> [What you are asked to do]:
Everything in the records below from the line containing "italienische bambus rattan" through the line containing "Лучшие сумки для" is to be reproduced exactly, those two lines included; no picture is to be copied.
Given data below:
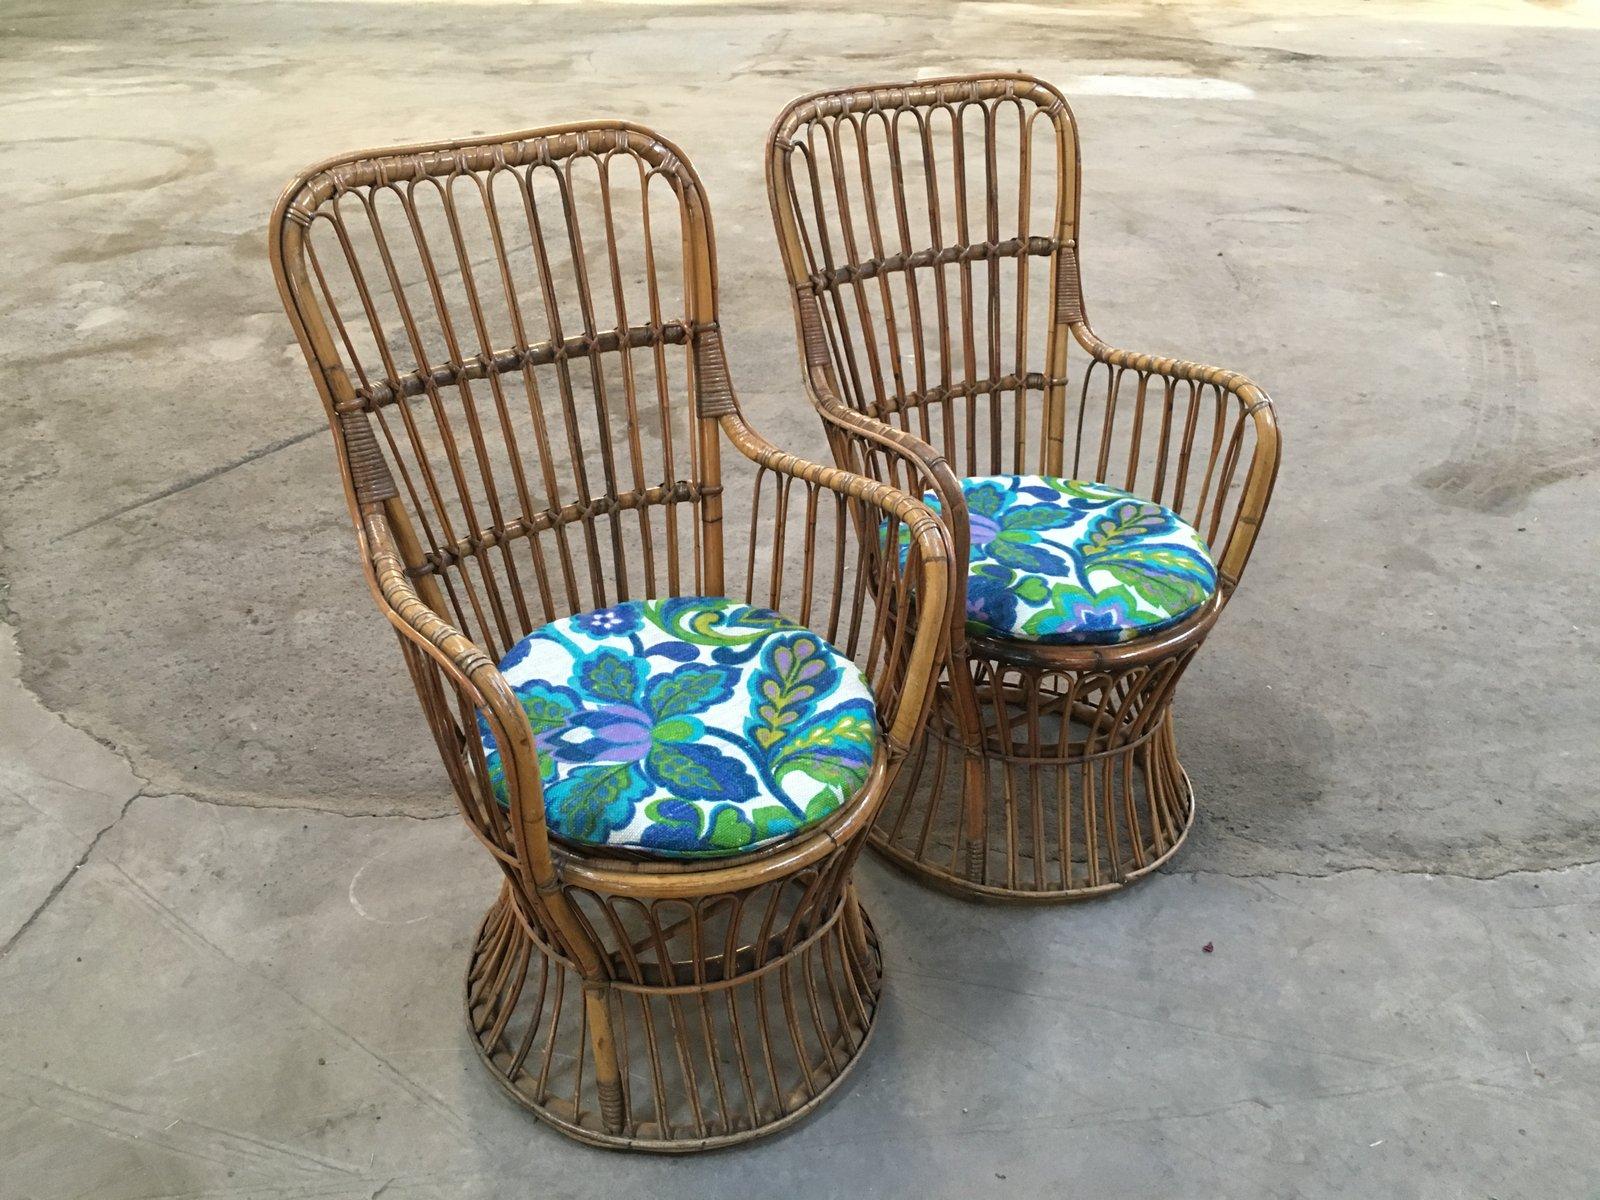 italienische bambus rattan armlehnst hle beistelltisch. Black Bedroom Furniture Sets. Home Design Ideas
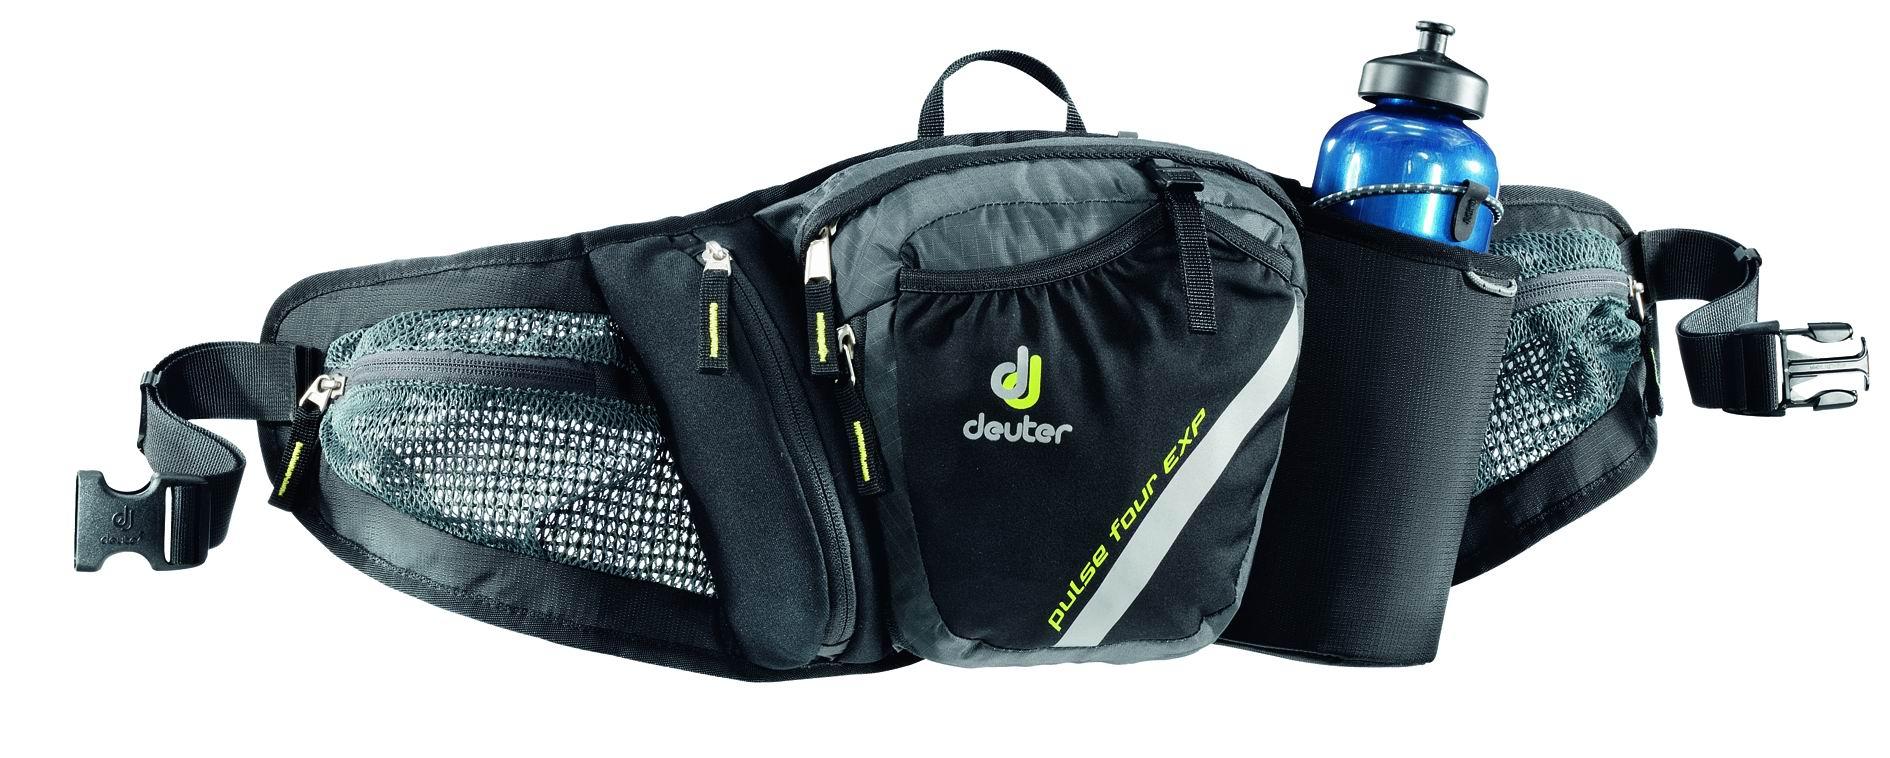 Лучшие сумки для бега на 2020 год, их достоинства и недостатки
End of Given data.
Given data below:
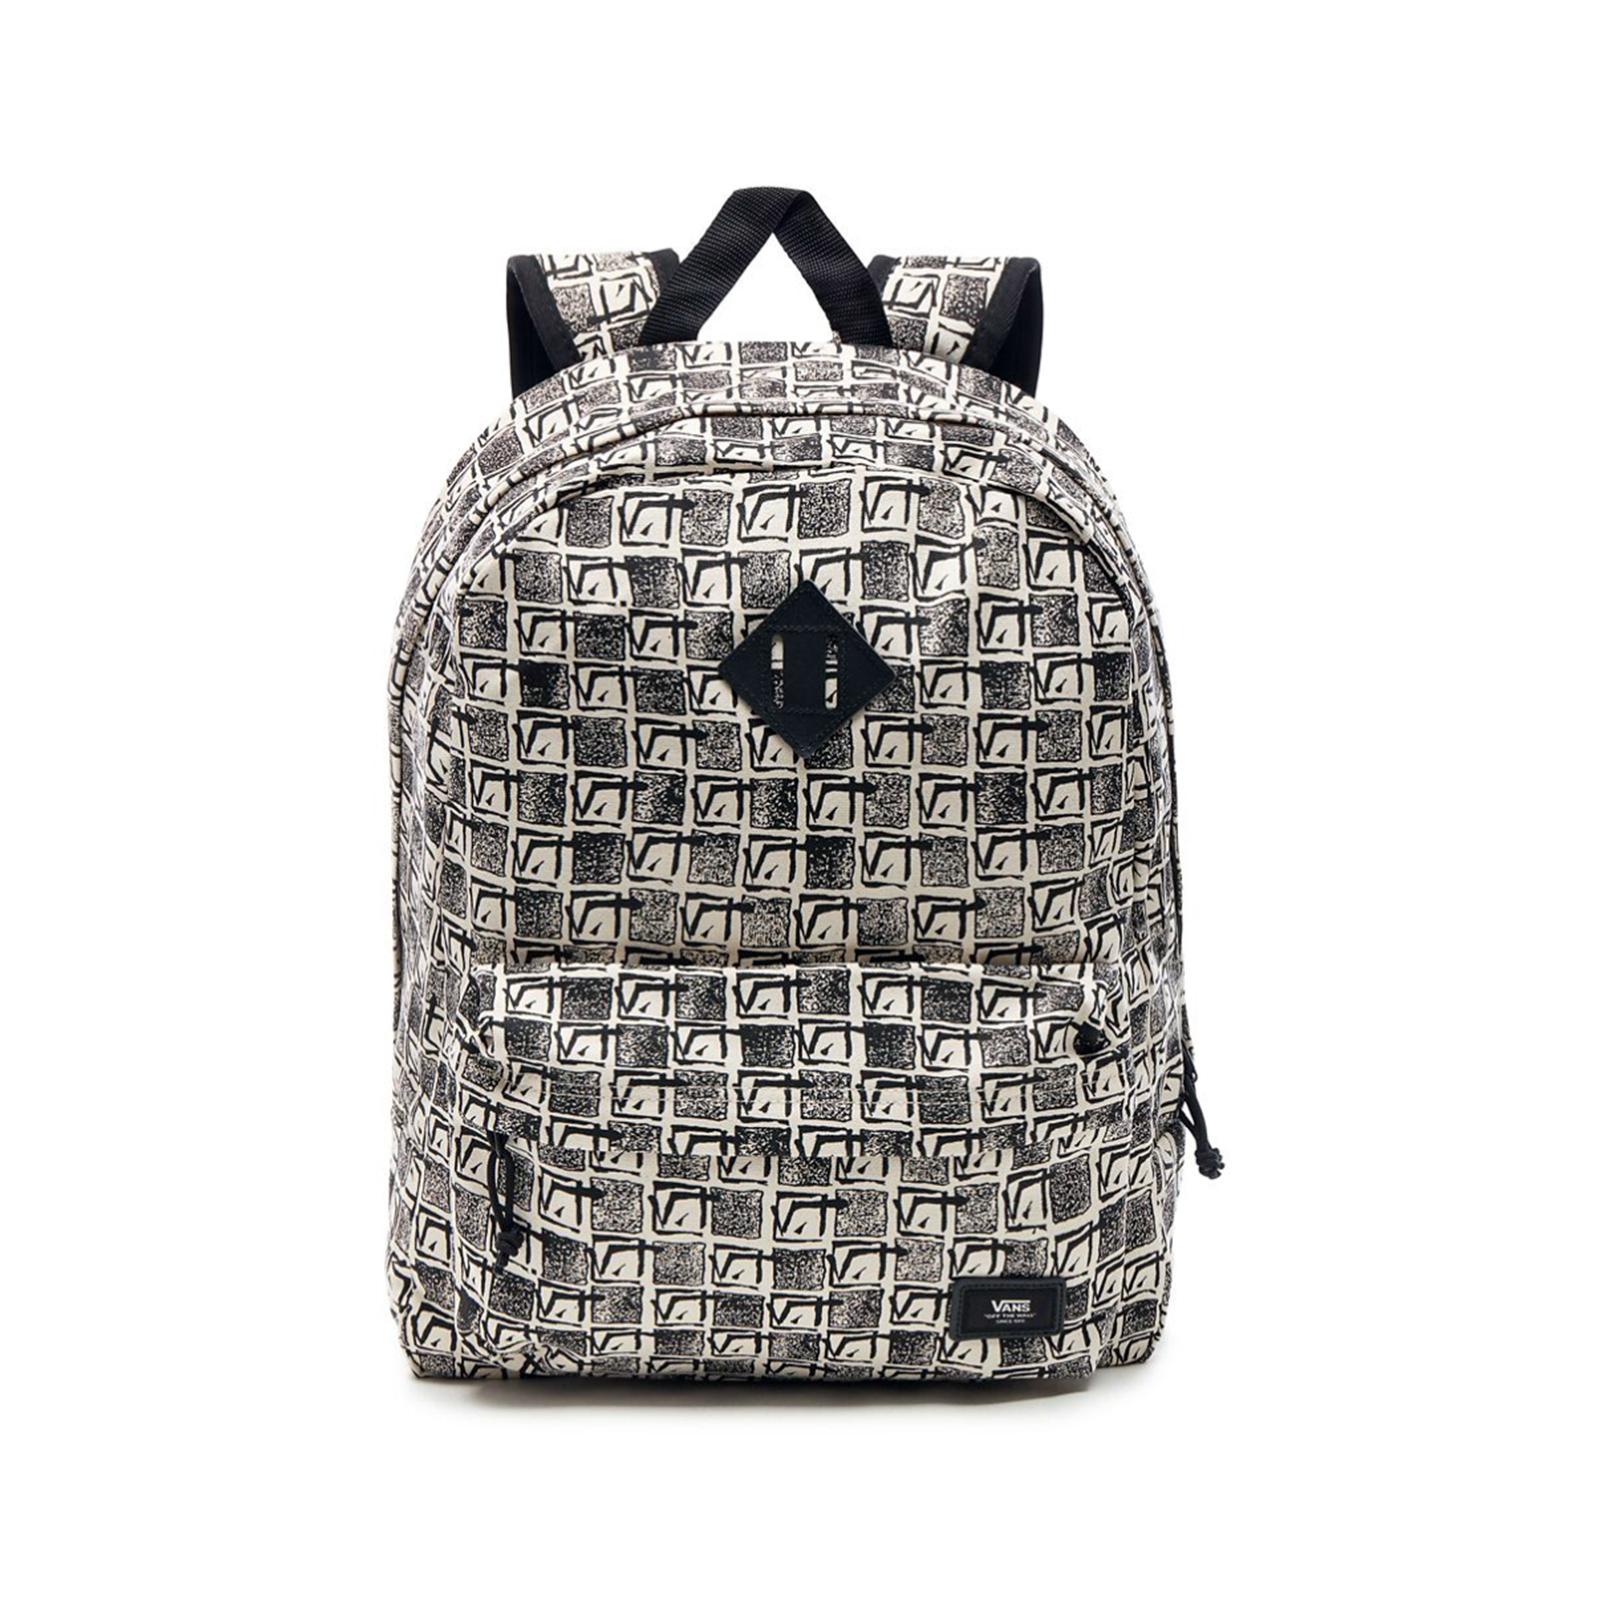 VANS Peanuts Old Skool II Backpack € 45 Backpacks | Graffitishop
End of Given data.
Given data below:
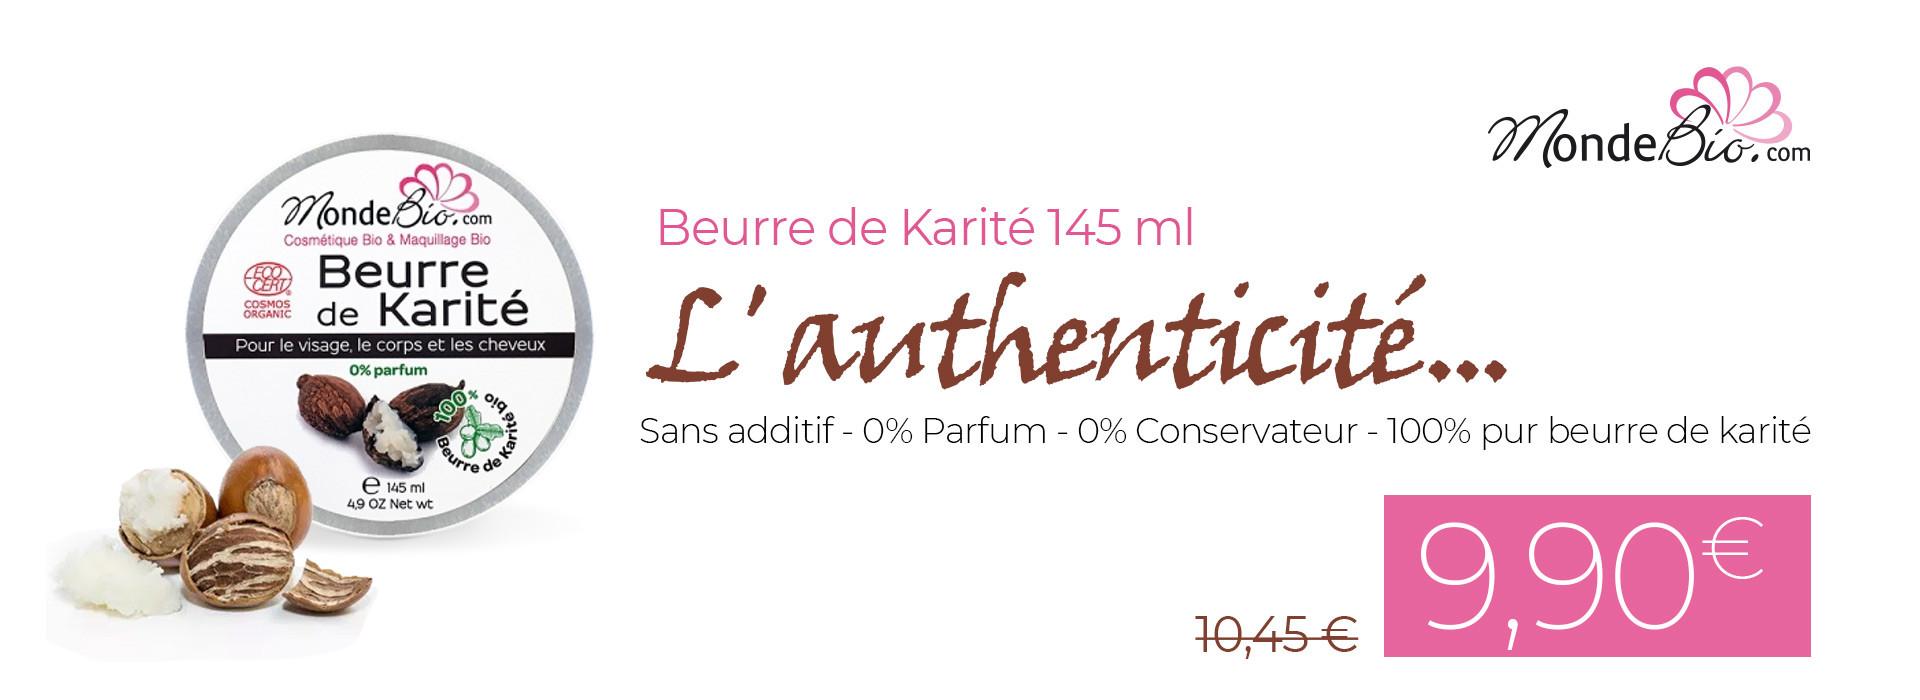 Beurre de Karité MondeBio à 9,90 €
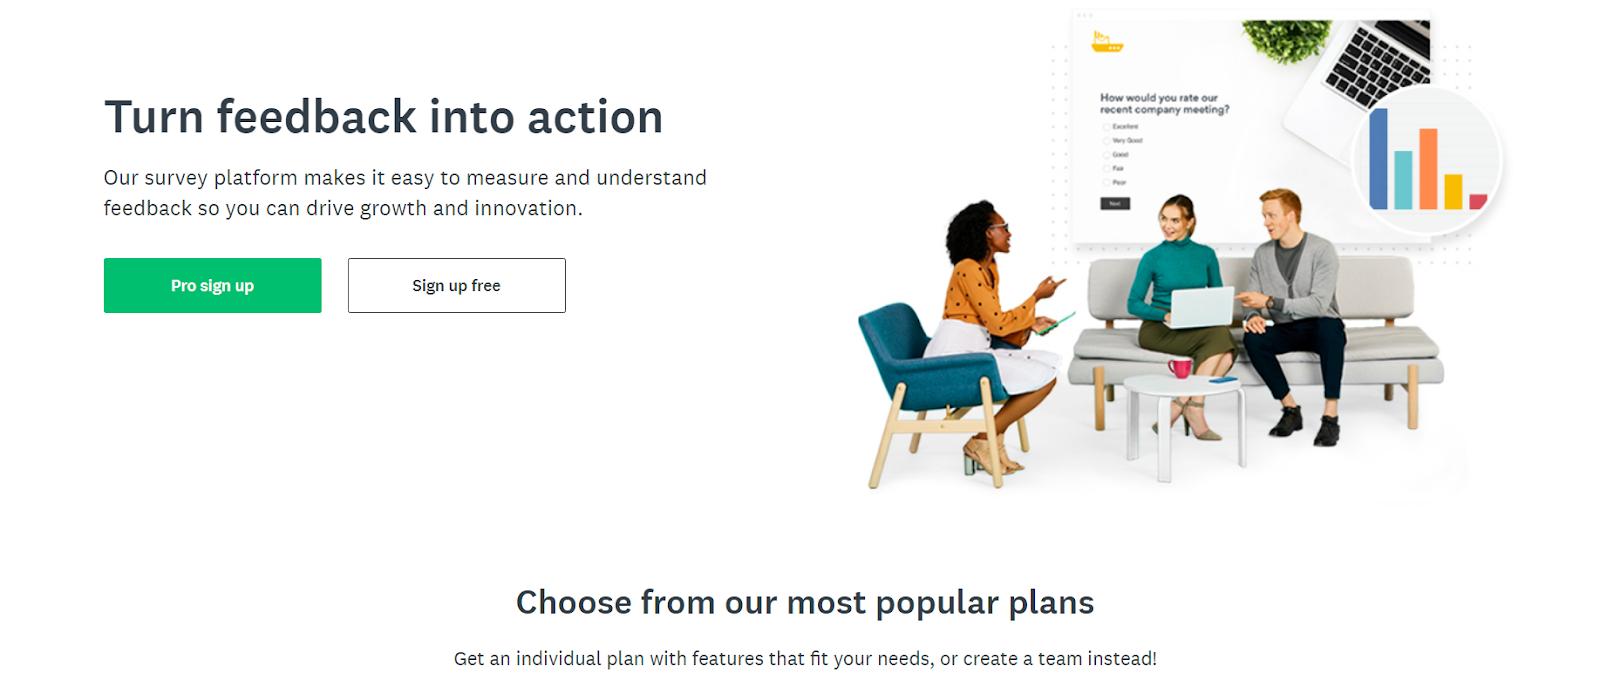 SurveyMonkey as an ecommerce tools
End of Given data.
> [Reply to the exercise]:
 italienische bambus rattan armlehnst hle beistelltisch. Black Bedroom Furniture Sets. Home Design Ideas
 Лучшие сумки для бега на 2020 год, их достоинства и недостатки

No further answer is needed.